Each word in the data below should be copied exactly; the images should not.

## [Recorded information]
------------

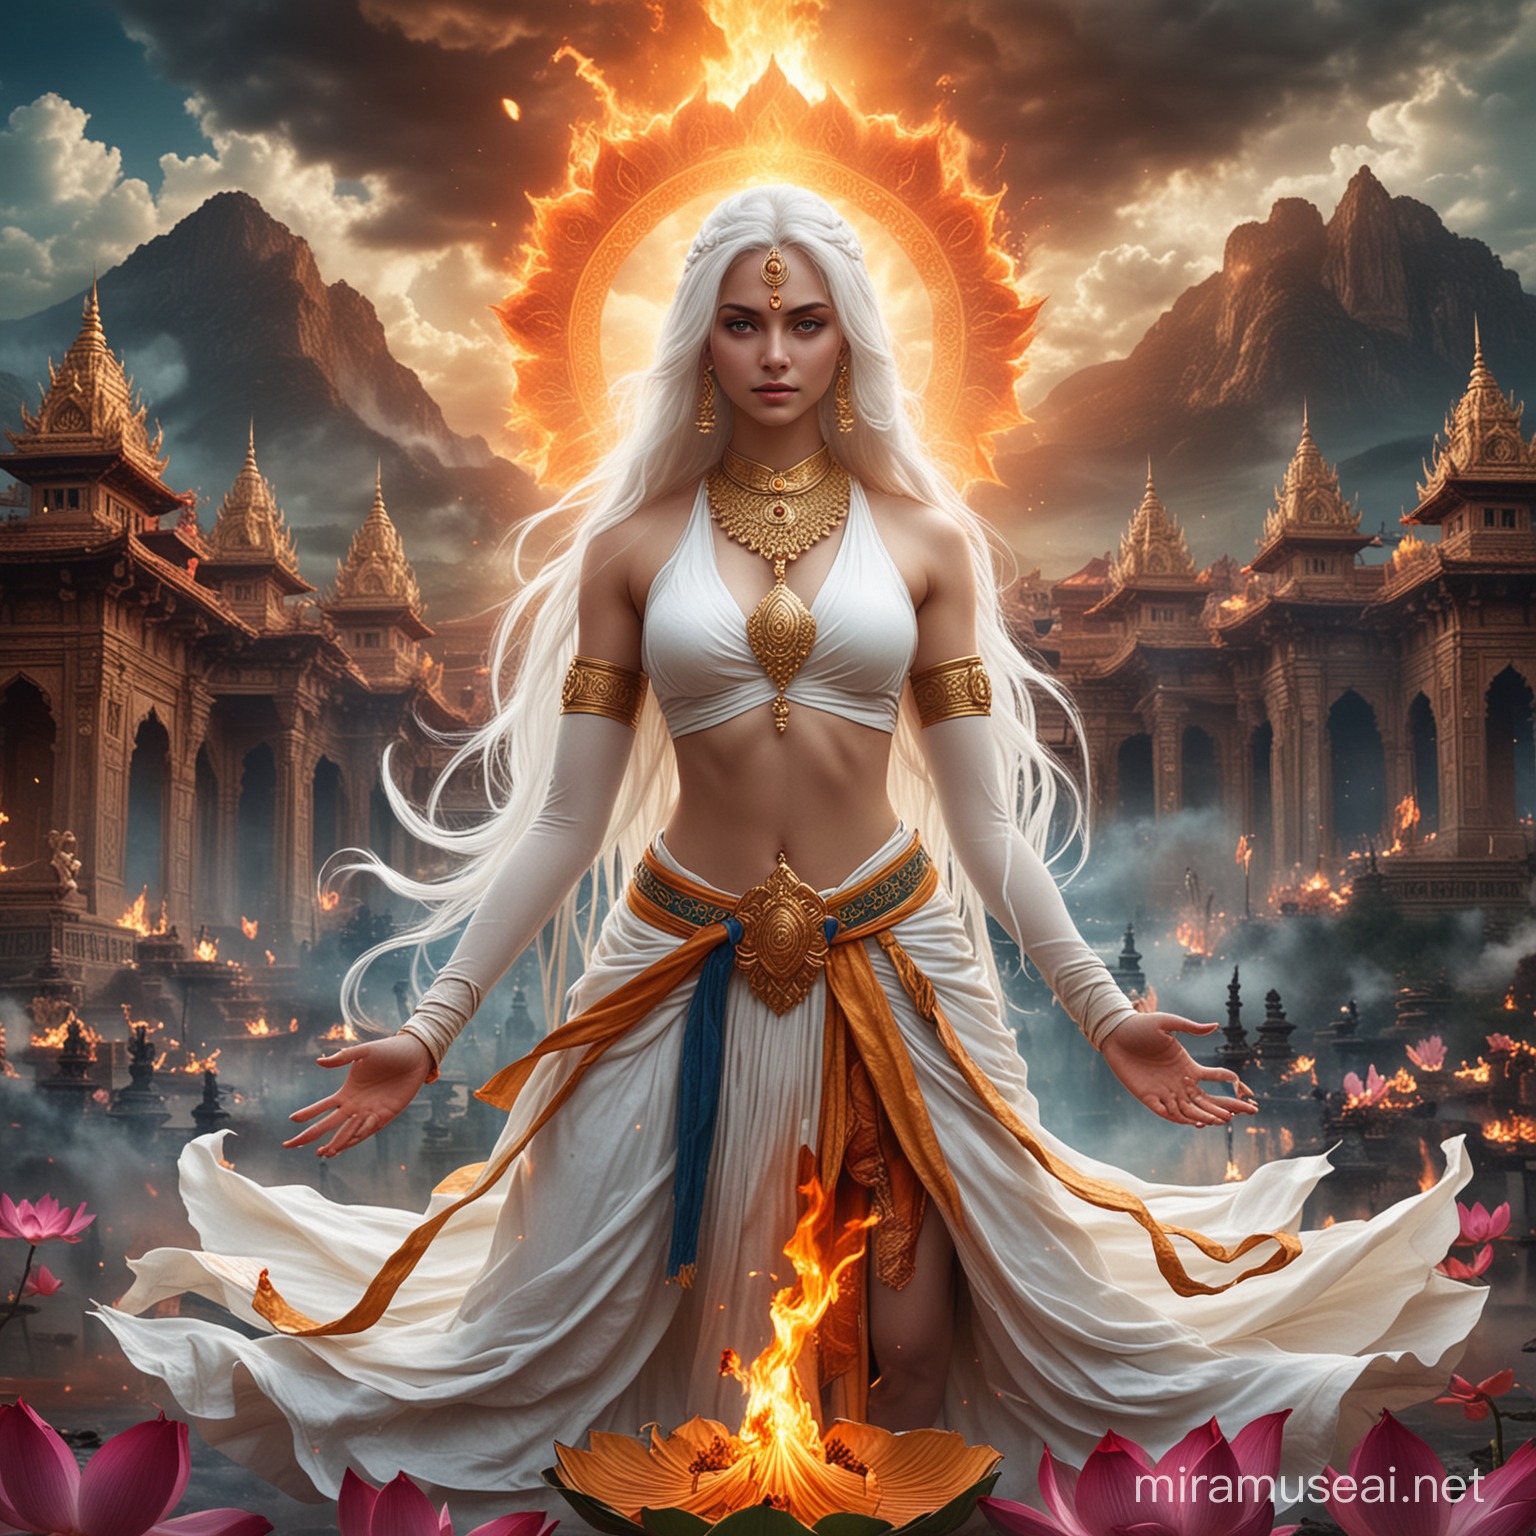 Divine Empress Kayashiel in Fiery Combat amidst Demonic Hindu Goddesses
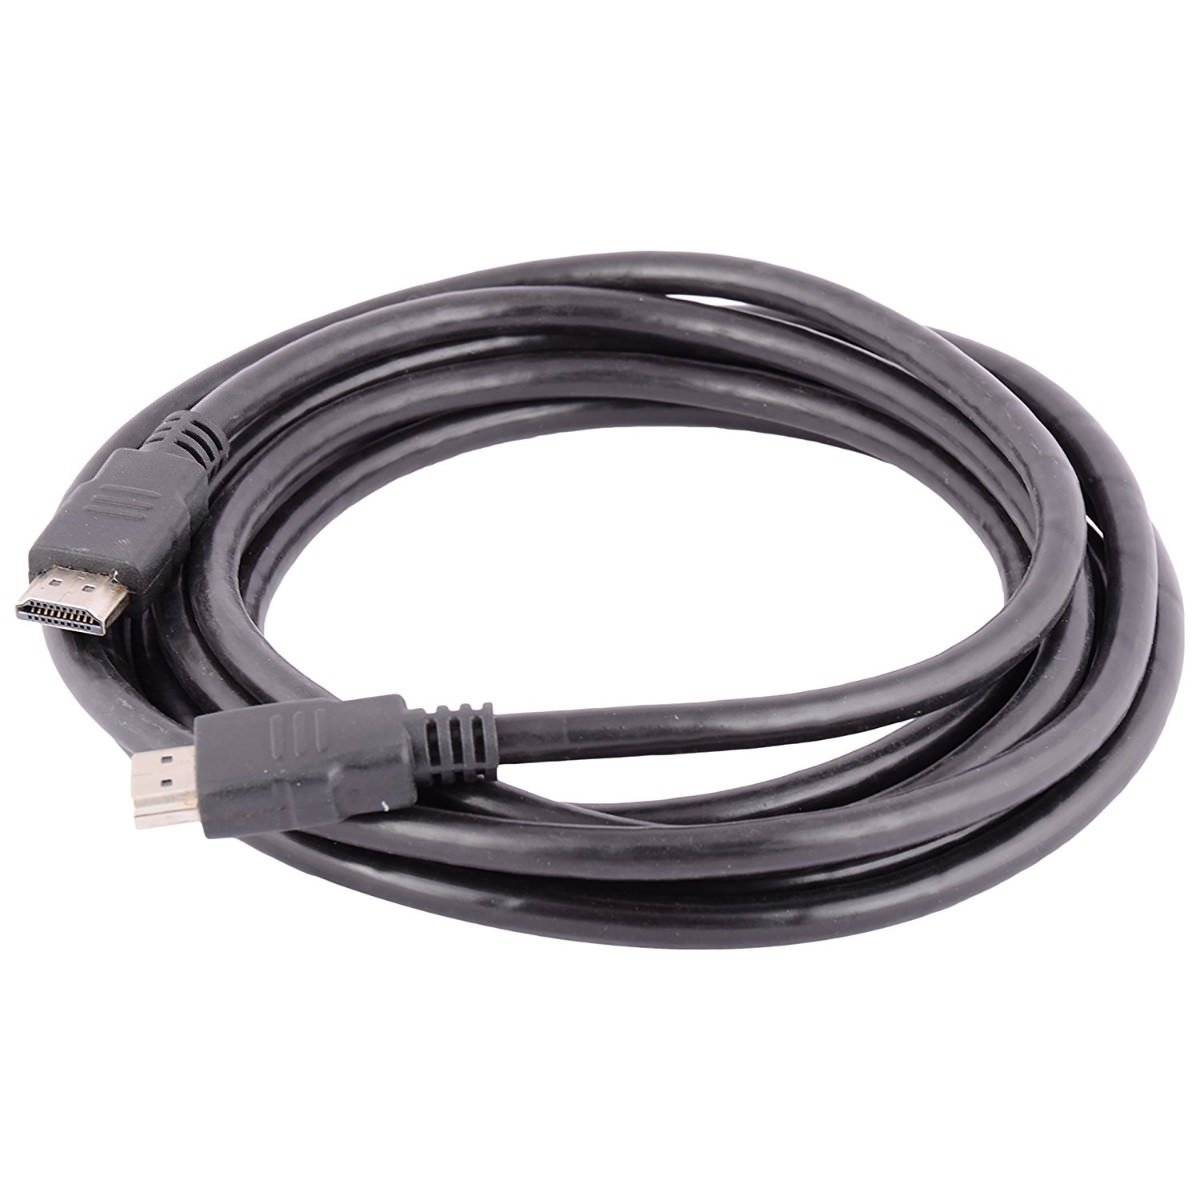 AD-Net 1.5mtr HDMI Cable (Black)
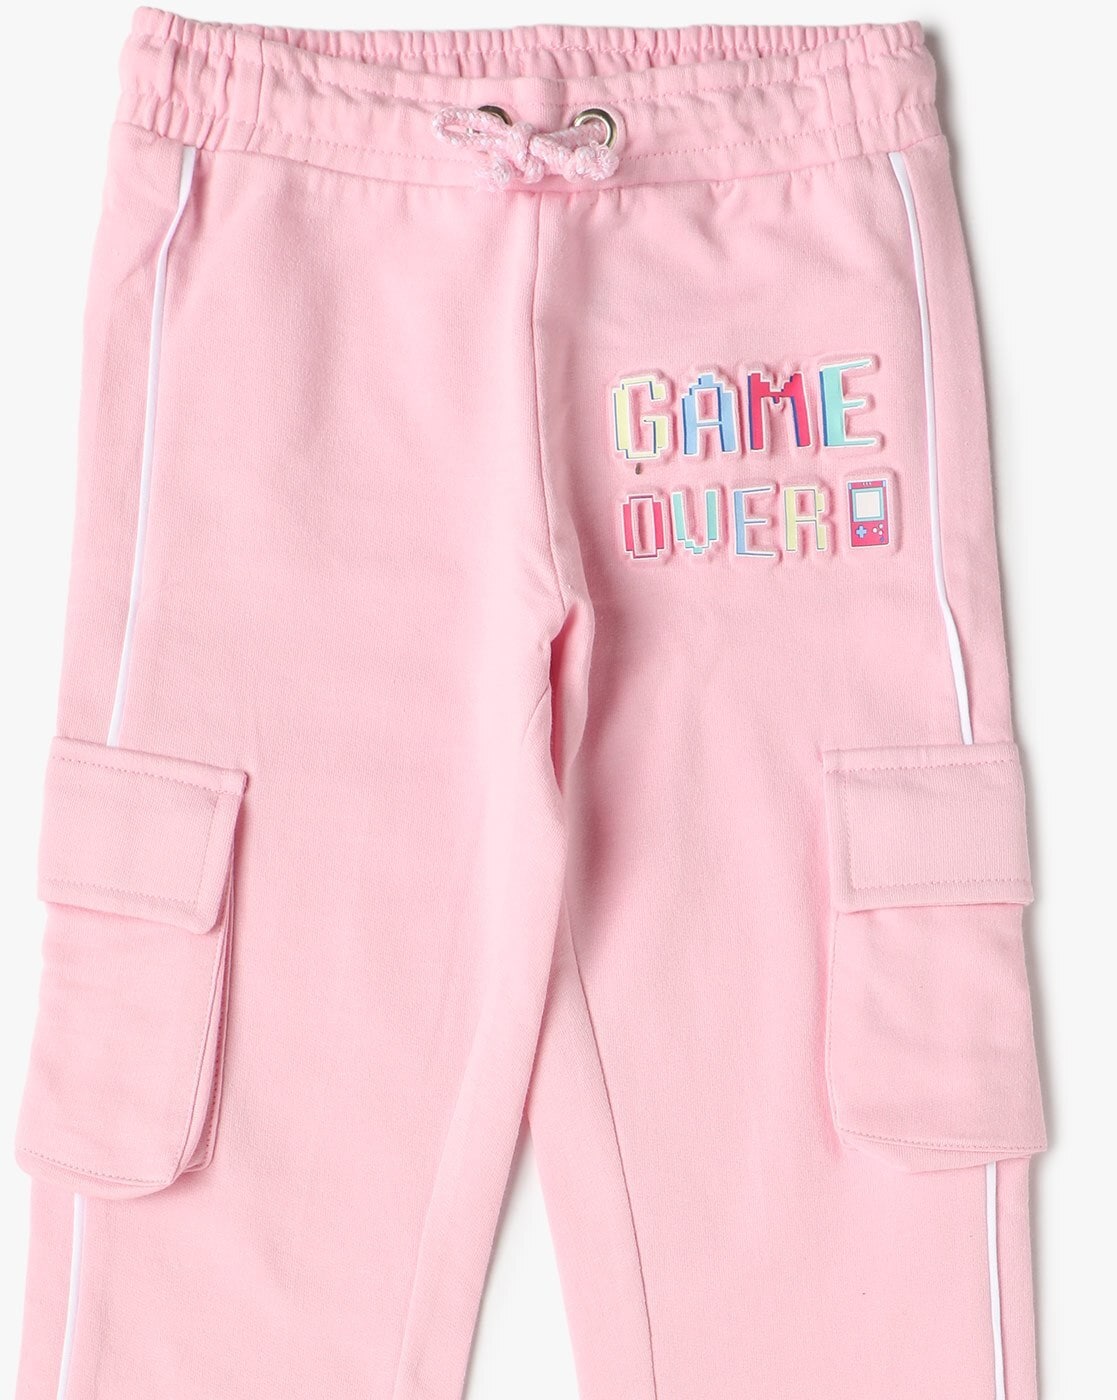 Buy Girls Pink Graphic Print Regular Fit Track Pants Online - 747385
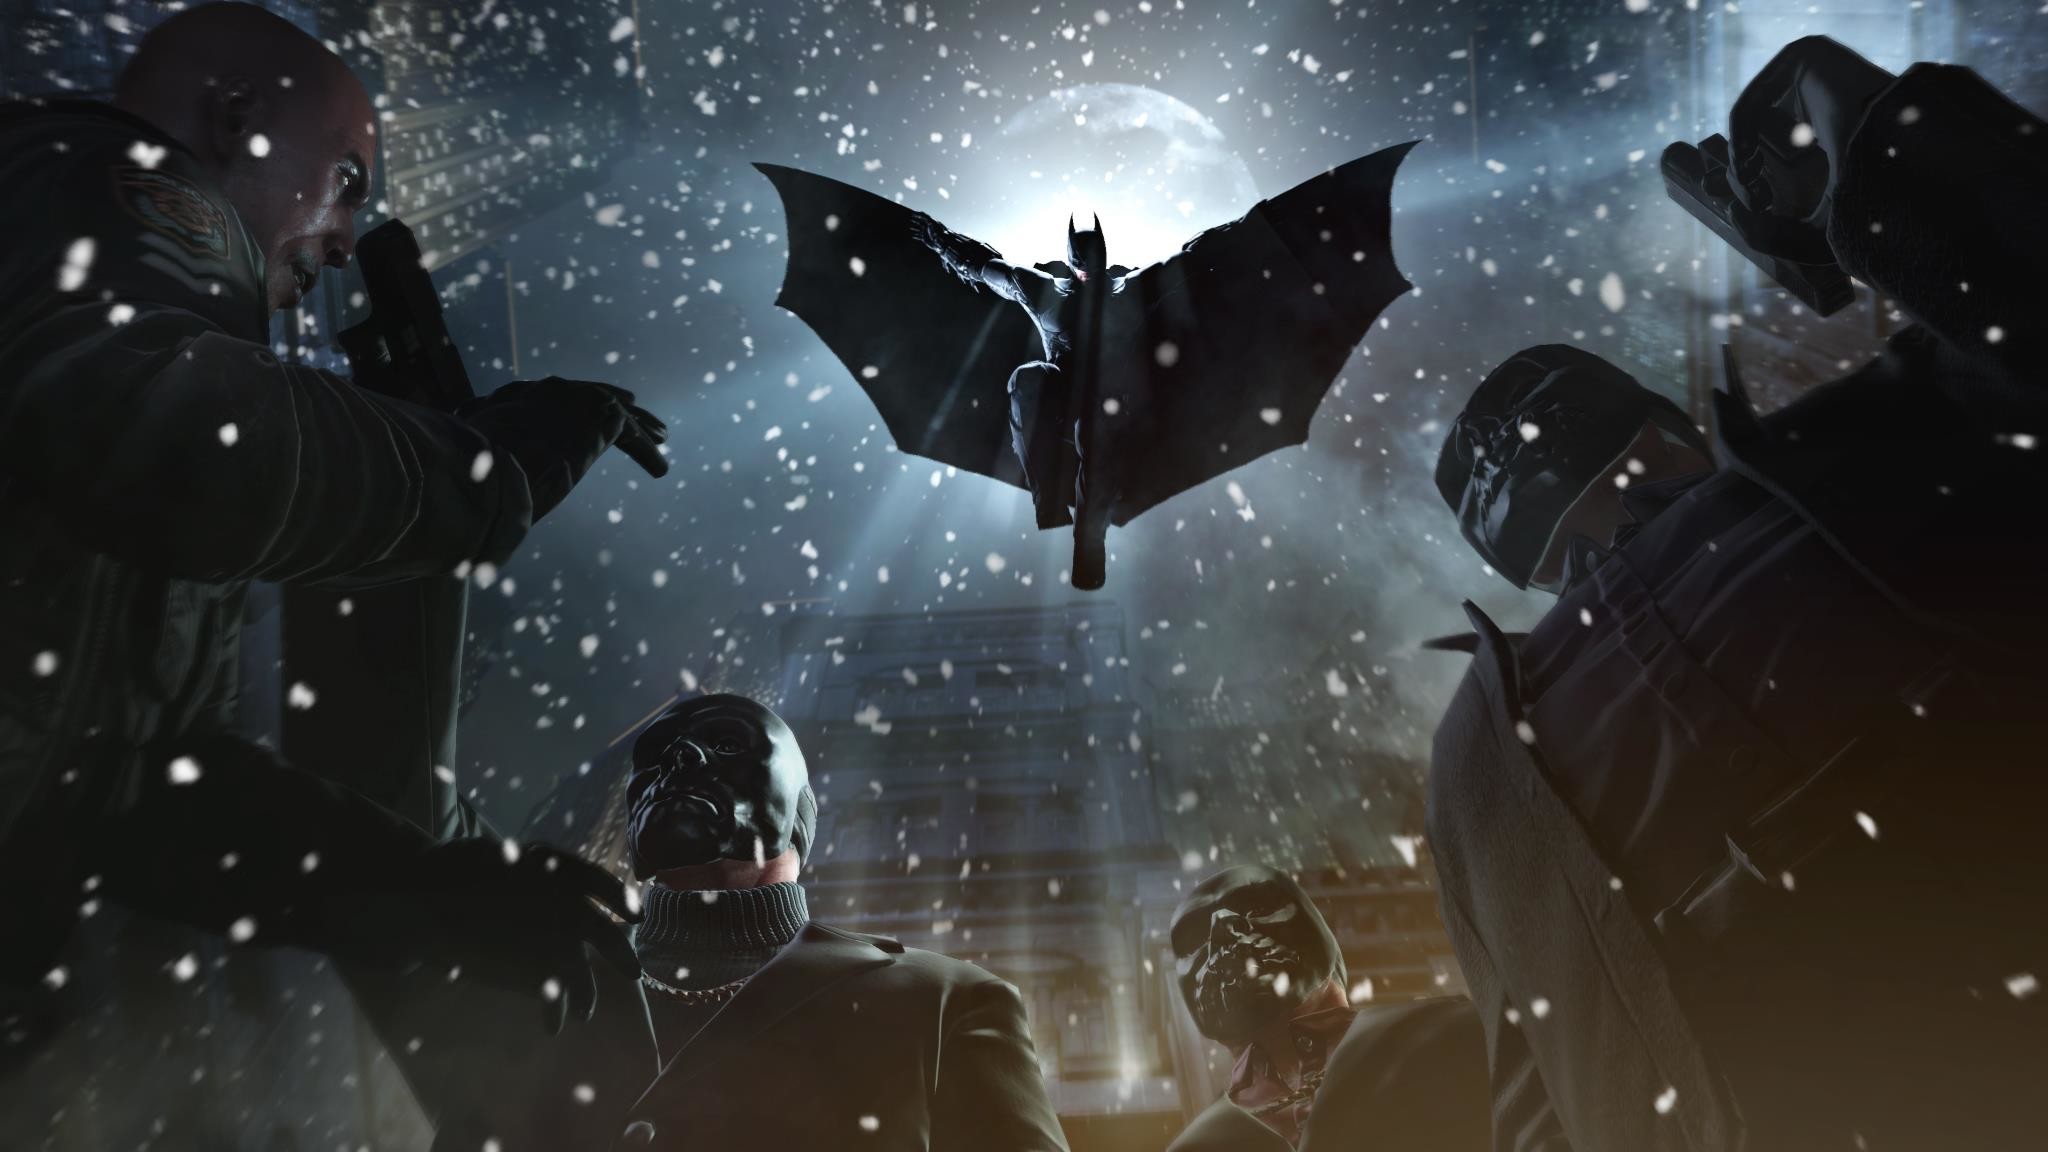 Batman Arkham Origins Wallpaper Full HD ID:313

------------

## [Result of the task]
 Divine Empress Kayashiel in Fiery Combat amidst Demonic Hindu Goddesses
 AD-Net 1.5mtr HDMI Cable (Black)
 Buy Girls Pink Graphic Print Regular Fit Track Pants Online - 747385
 Batman Arkham Origins Wallpaper Full HD ID:313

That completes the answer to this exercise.